This is a special review for me. First of all, Dusk Peterson, like me, is a self-published author. Second, Dusk has worked hard to publish a quality story, done the footwork necessary to knowing how to self-publish, shared the knowledge gained from that footwork, given stories to beta readers for criticism, polished those stories and polished them again.

I was one of Dusk’s beta readers. Bard of Pain is not the only story by Dusk that I’ve read. A few years back, I also “beta’d” Mystery and Rebirth (The Eternal Dungeon). Dusk has been kind enough to list me as an editor of Bard of Pain before I could in fact claim to be one. I’m honoured to have read these stories, let alone have Dusk consider my opinions of them. I learned from this author. I had surprises while reading, surprises that inspired.

In all three stories, I discovered compelling characters who were confronting problems capable of destroying a human being, sometimes physically, definitely mentally. But there’s something very special about Dusk’s dark fic. Dark, very, but there’s this smidgen of light in every cavern Dusk throws a reader, and the brightness of that light is practically overwhelming by the time you get to the end of the novel, and it is like crawling to the opening of a cavern. It’s like getting a miracle.

I’m not exaggerating. Follow any of Dusk’s protagonists through a story and you’ll not only glimpse the mind of a troubled being, you’ll see that character’s transformation. You’ll witness a moment of revelation. Sometimes, just like the character, you won’t see the revelation coming. You’ll feel it looming, but you just won’t see it. It’ll be like rocks tumbling out of the way, unveiling that light I spoke of.

Bard of Pain is a story about a young man who seems to exist to torture people. Warfare makes it easier for him to enact his blackest desires. He becomes an officer and serves the Northern Army as a torturer, though extracting information from prisoners is hardly the most satisfying or true reason for which he commits atrocities on another human being.

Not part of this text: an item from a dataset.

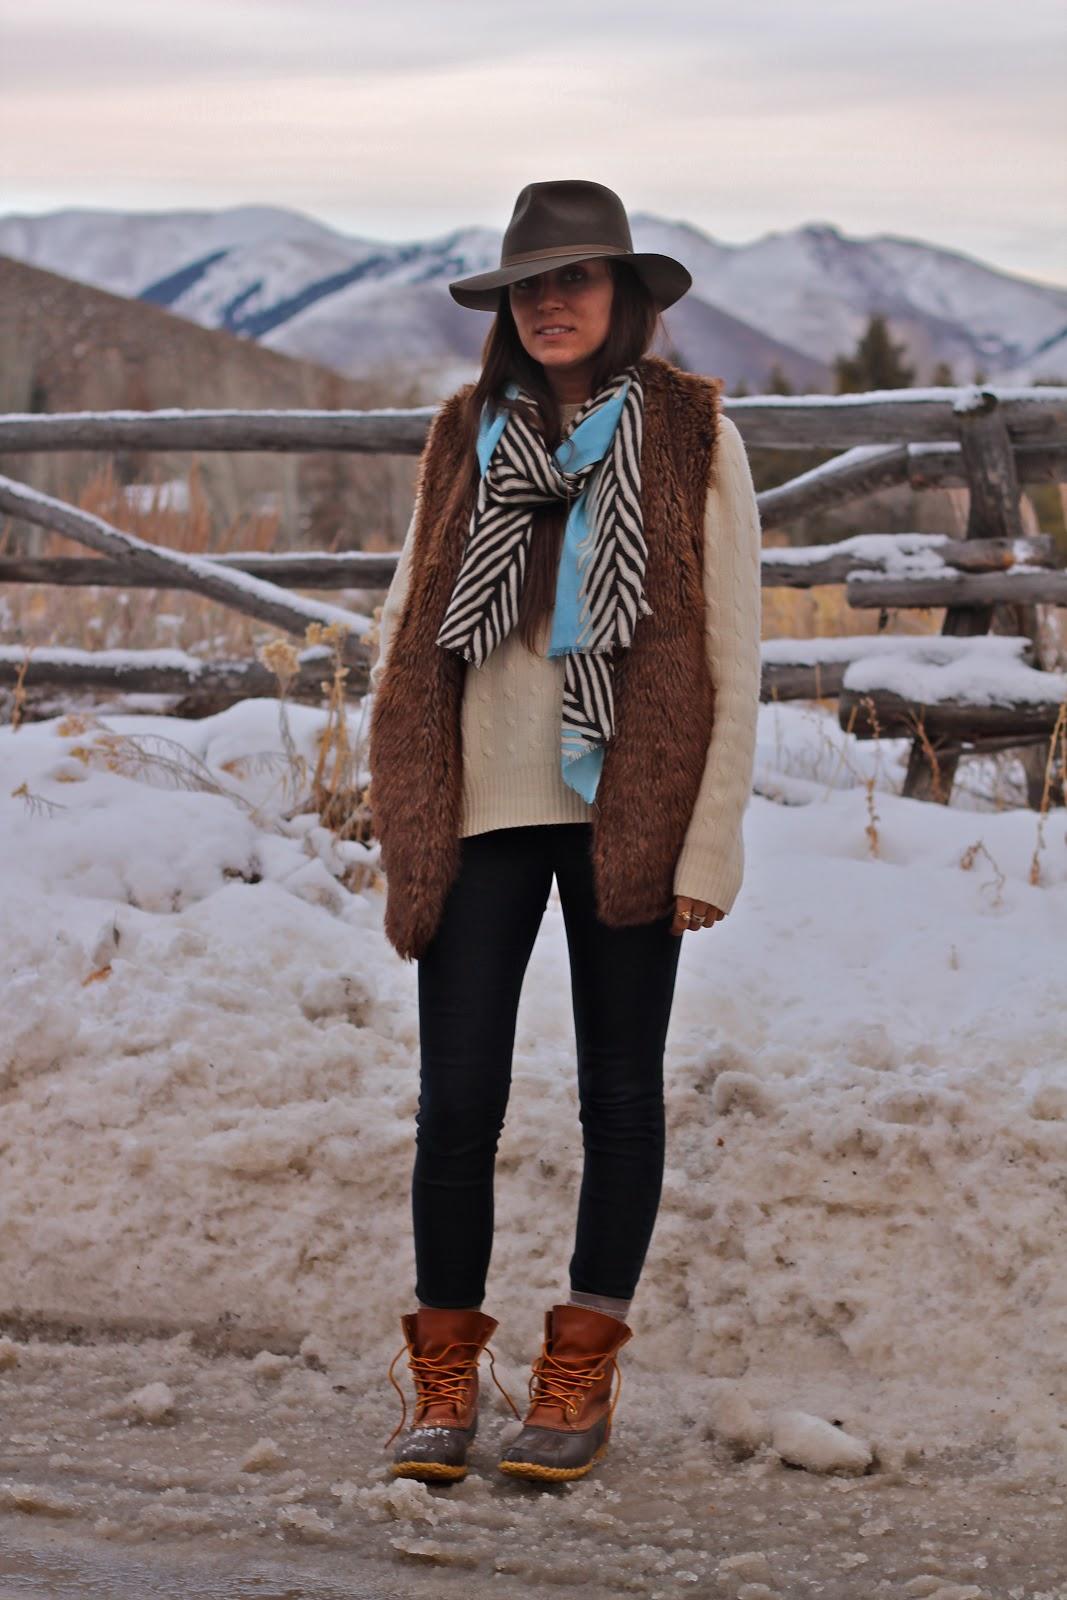 Popular LL Bean 9 M Womens Boots Black Suede Fleece Insulated Winter Side Zip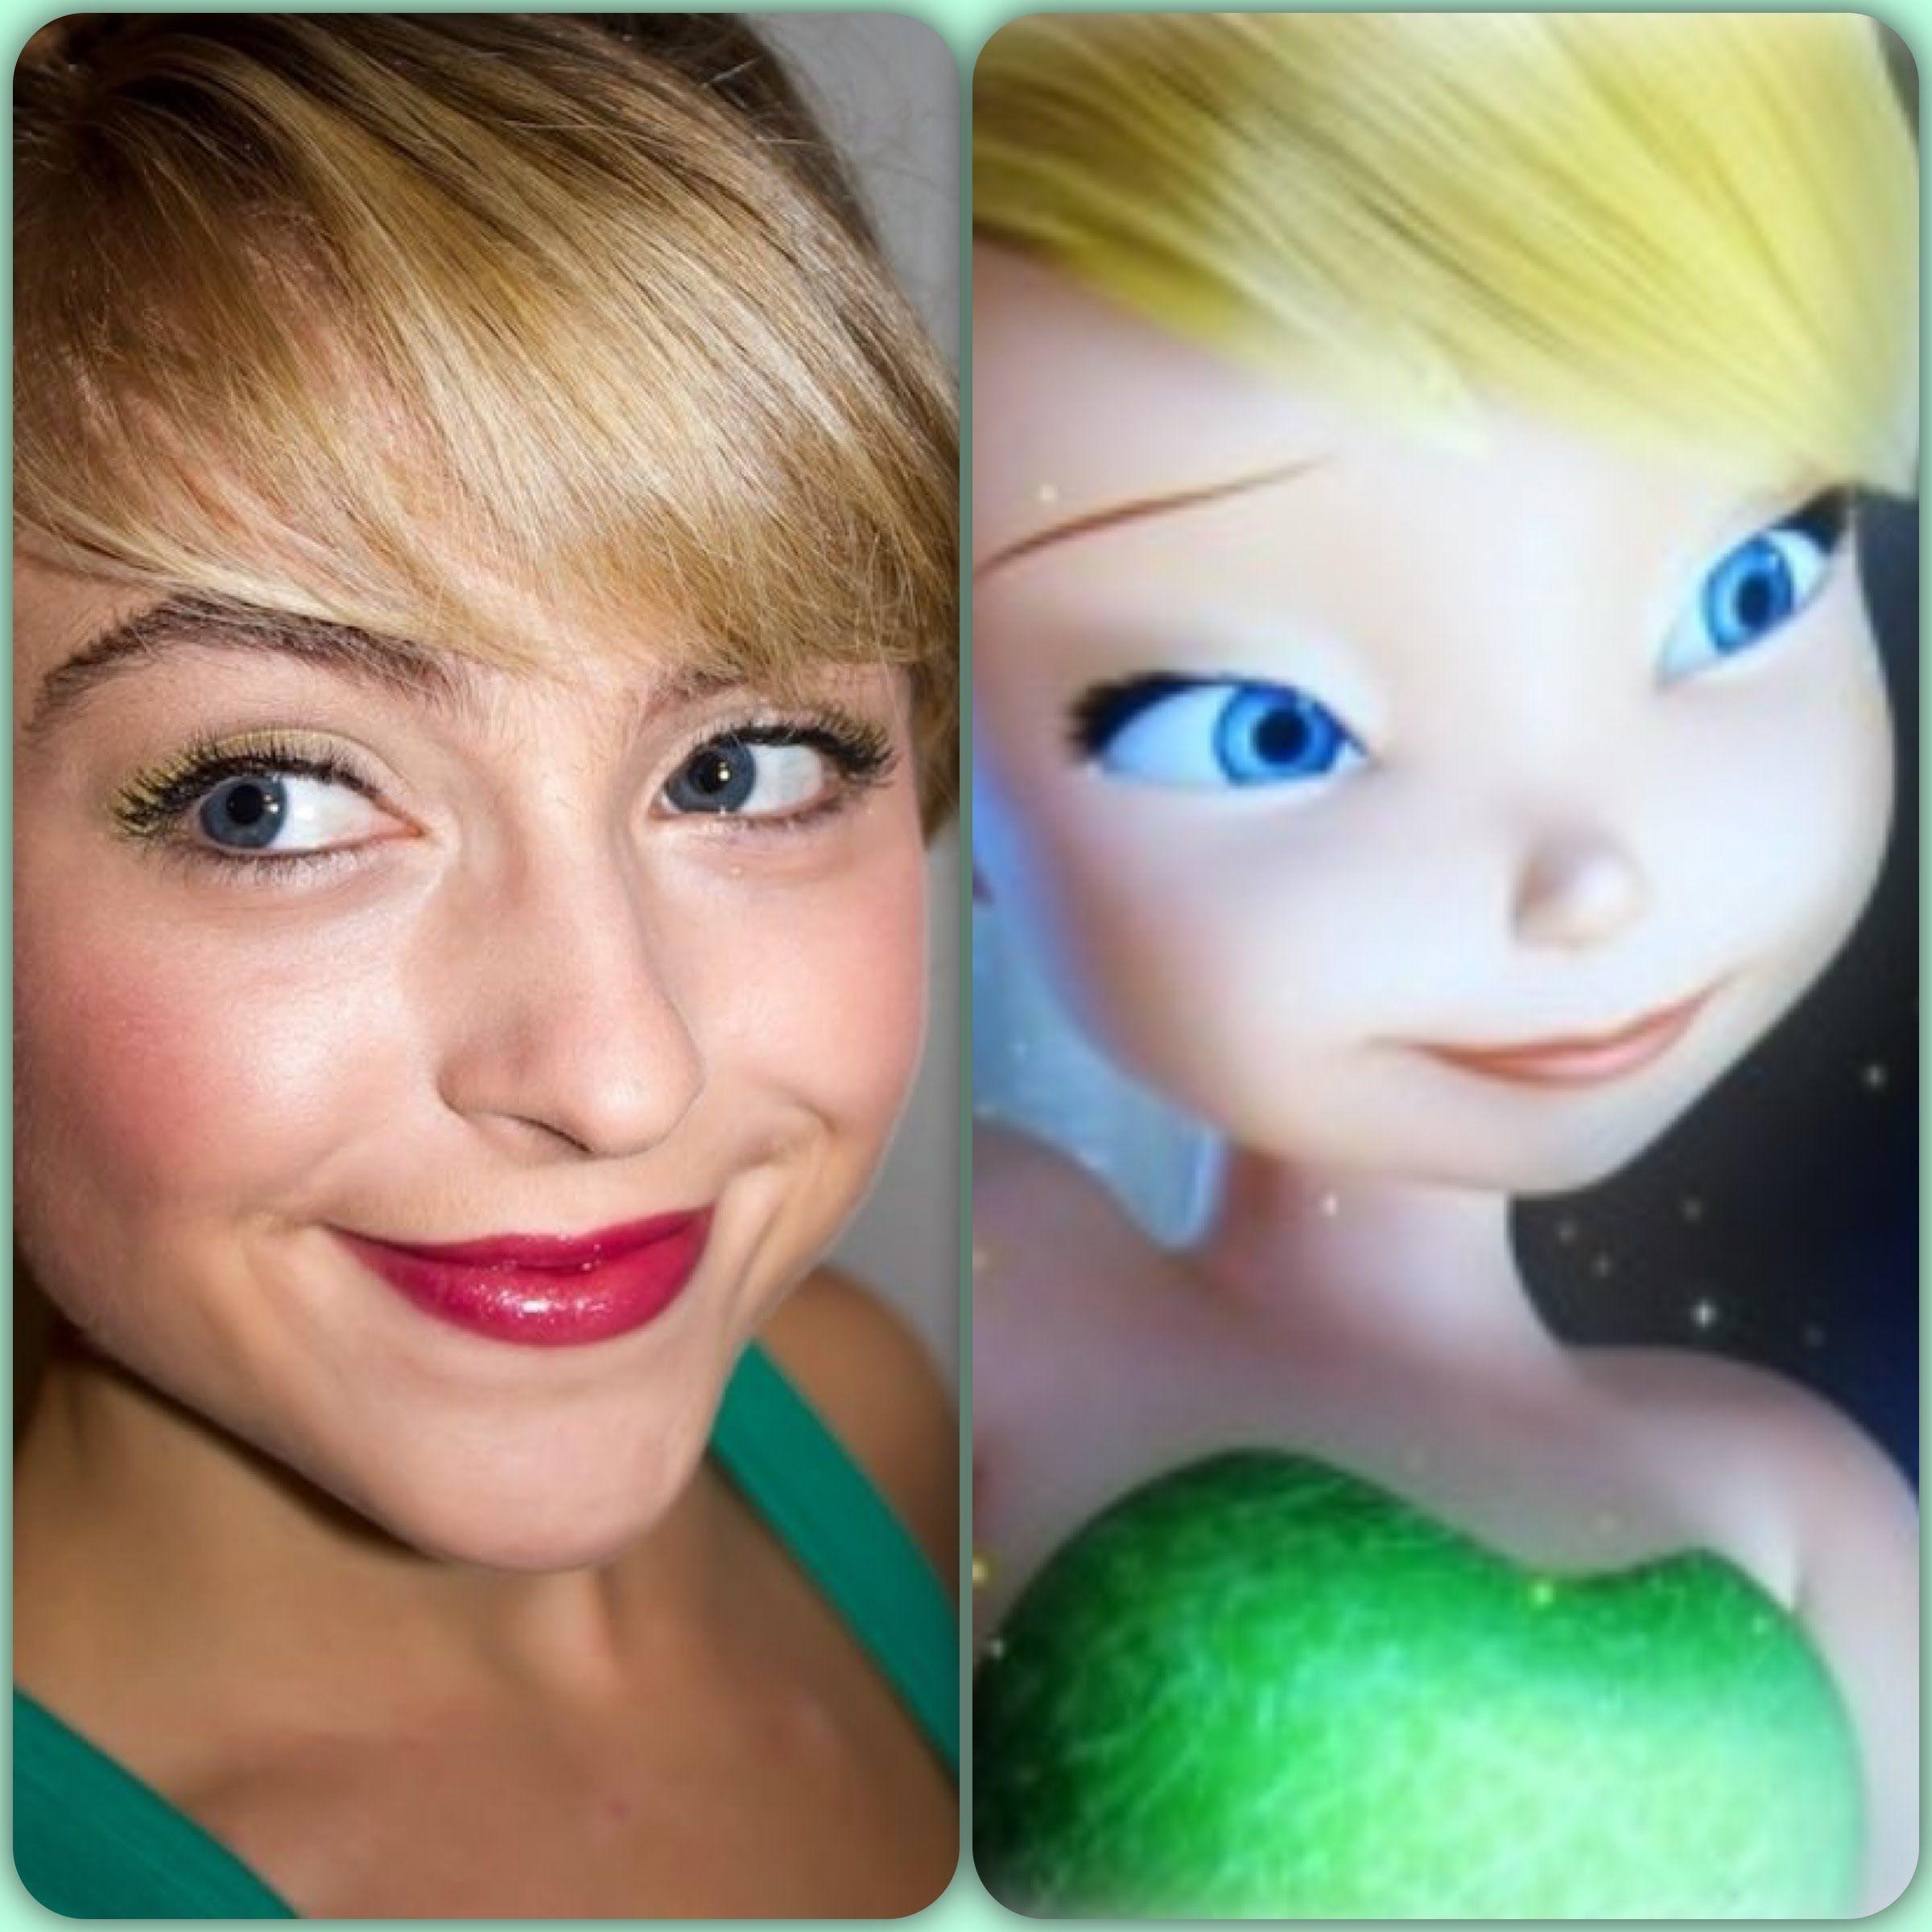 Tinker Bell Hair And Makeup Tutorial Tinker Bell Hair Makeup Tutorial Hair Makeup

When you read Bard of Pain, you might find yourself despising the protagonist, but you’ll be fascinated all the same. Surely, he’s going to be damned for all his evil acts. Surely, he’ll get what he deserves.

He does.

Oh, spoiler, right? No, not really. Read the story. Let Dusk throw you in a cavern and tumble some rocks for you. That promised bit of light I mentioned beforehand? It’s well worth chasing.